# HGH and the brain



## metsfan4life (Dec 16, 2012)

Hey guys, my father has been diagnose with Alzheimers. though he has more than likely had it for over a year, he is the kind who will refuse to go to Drs, even a dentist. He plays dr and it has really cost him over year. Many minor strokes that have gone unnoticed since he never had any scans done. 

Read briefly on the benefits of hgh on the brain. Wanted to get some 1st hand advise from anyone who is on hgh and can put in any input.

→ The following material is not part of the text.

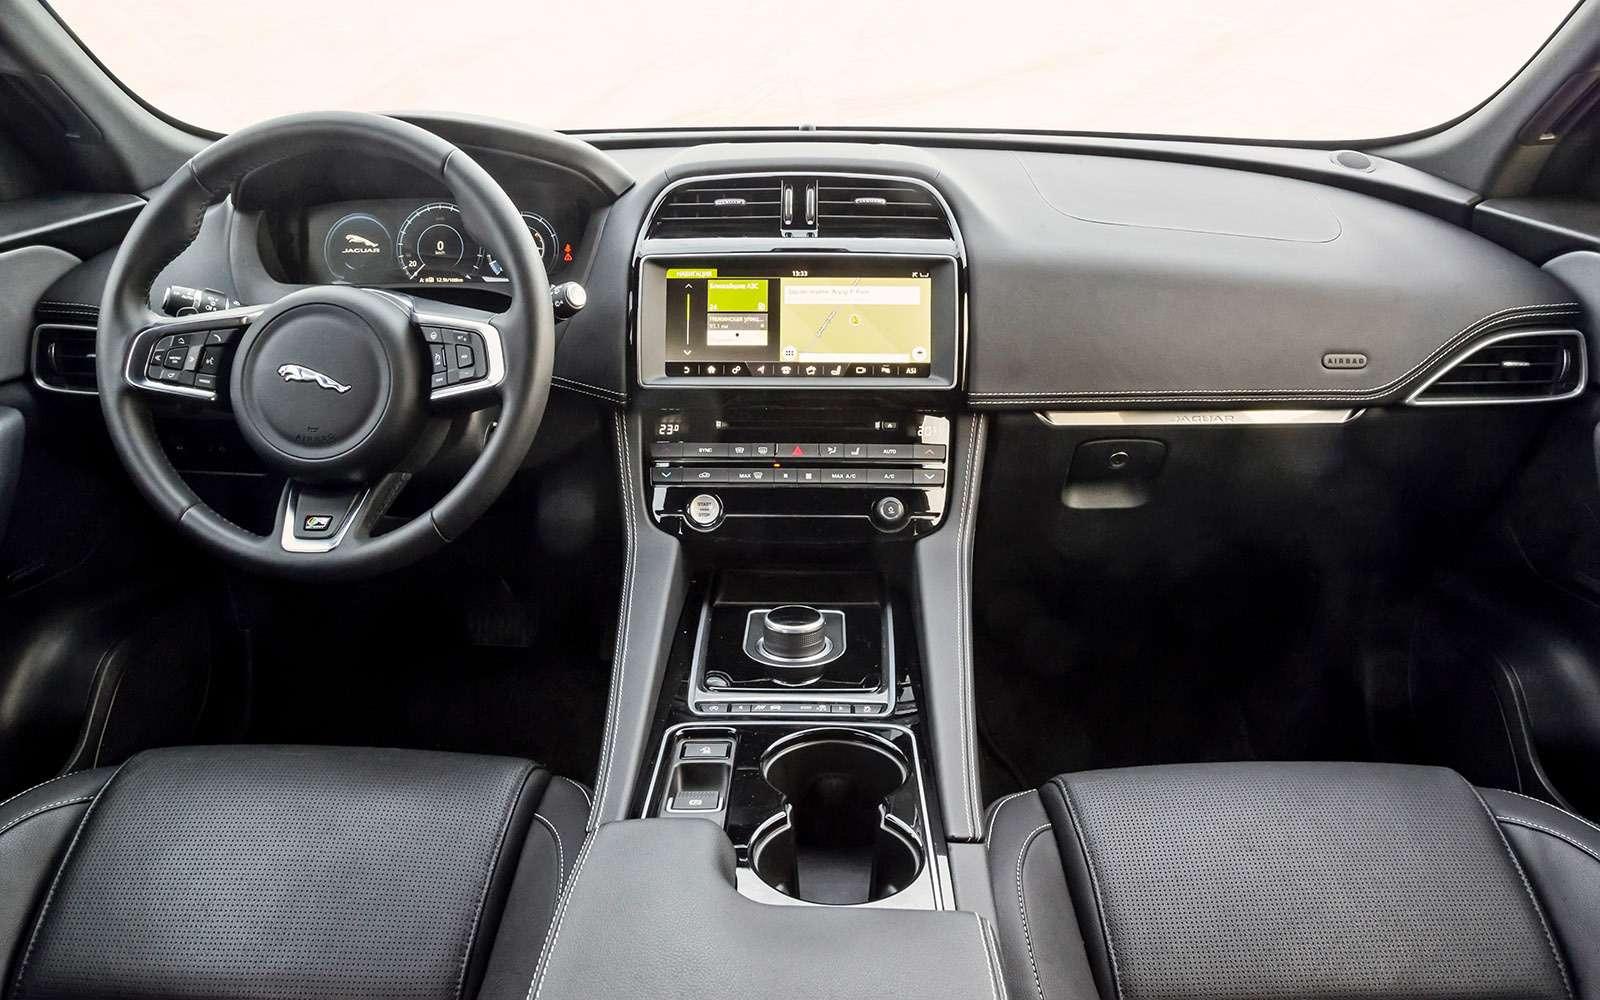 Тест премиум-кроссоверов: Lexus RX350, Cadillac XT5и Jaguar F-Pace— фото 721757

really appreciate anything guys.


----------



## LeanHerm (Dec 16, 2012)

Man sorry to hear that my brother.


----------



## DF (Dec 16, 2012)

I have not read anything about Hgh & brain function.  Of course I have not looked for it either.  You may also want to find out if he is deficient in Vit B12.


----------



## 63Vette (Dec 17, 2012)

My condolences for your father's diagnoses. I am dealing with that as well with my father. I am not aware of any known benefits of HGH on Alzheimer's patients. I will watch this thread with great interest. 

Much respect,
Vette


----------



## metsfan4life (Dec 17, 2012)

@BigHerm... thanks man. Yeah I kind of hand afeeling he may have onset but was hoping for not

@Dfeaton... what exactly would this cause? I do know he takes sorts of vitamins and talks about B-Vitamins quite often

@Vette... Thank you. Father is 53 years old so pretty young to have this. Dr has recommended him to retire from his business within 6mo due to his memory loss. Apparently he was stopped earlier because he was going 25 in a 60. I want to kick the shit out of the cop...father told him "Im having trouble seeing." Cop: "Better get that looked at. Good luck with getting yourself home." If I hear anything I will be sure to shoot you something. All I have seen so far is just online..typed in HGH and the brain


----------



## DF (Dec 17, 2012)

B12 deficiency can mimic symptoms of early onset of Alzheimer's.  As we age out ability to absorb B12 from our food declines.  It's pretty easy to test & is not done enough IMO.  A severe deficiency will lead to anemia, muscle weakness, fatigue, incontinence, low BP, depression, poor memory, shakiness ect....


----------



## Spongy (Dec 17, 2012)

i wish i had an answer for you brother, but I don't.  My sincere condolences!


----------



## AlphaD (Dec 17, 2012)

Man, sorry to hear about your dad.  Although I do not have experience with Hgh, I will stick around and see what others are saying.  I will agree with Dfeaton above about B12 deficiency.  My mother has been a nurse for over 30 years and I have heard her talk about that before on many of the dementia patients.  Take care of your Pops bro....


----------



## metsfan4life (Dec 17, 2012)

Thanks Spongy!

Dfeaton and Alpha... yea I am going to mention the B12 to him and have him mention it to his Dr when he goes back next week. Hes supposed to go on a "memory loss" pill..no clue. Im going to give him some more info on the B12 vitamin so he can look into it as well. Hopefully can find some things to help slow it down, I know there is no cure...sucks but doing what we can


----------



## gymrat827 (Dec 17, 2012)

1st, sorry man.  GL


Ive been on hyges 9wks and so far what ive noticed is fatloss + sleep.


----------



## metsfan4life (Dec 18, 2012)

Thats gymrat. Yeah not sure how much hgh actually helps the brain, if it all. All ive seen is just some reading on it. Would love to hear that people who have been using it feel more metal stability or acuity. Thinking for now, just going to get him some "brain games' for the Wii...nothing to childish or some games that will just keep his mind going


----------



## gymrat827 (Dec 18, 2012)

yea, i dont quite think it would aid in repair or anything.  Im sorry, i know your looking for anything that will help.  i think money could be better spent on Doc bills/real treatment.  



GL


----------



## metsfan4life (Dec 18, 2012)

yeah thats what I figured but figured Id ask and see. I didnt expect it to improve the brain, just hopefully slow the process down a bit. Not really wanting to lose my father anytime soon...im 23 and hes 53, really young to have this.


----------



## ripped_one (Dec 20, 2012)

Get him to take namenda and aricept.  My 92 year old grandma started getting it pretty bad about 9 months ago and she made a 100% turn around in about a week.  I'm not sure how long it will keep her going but at the moment its almost like a miracle.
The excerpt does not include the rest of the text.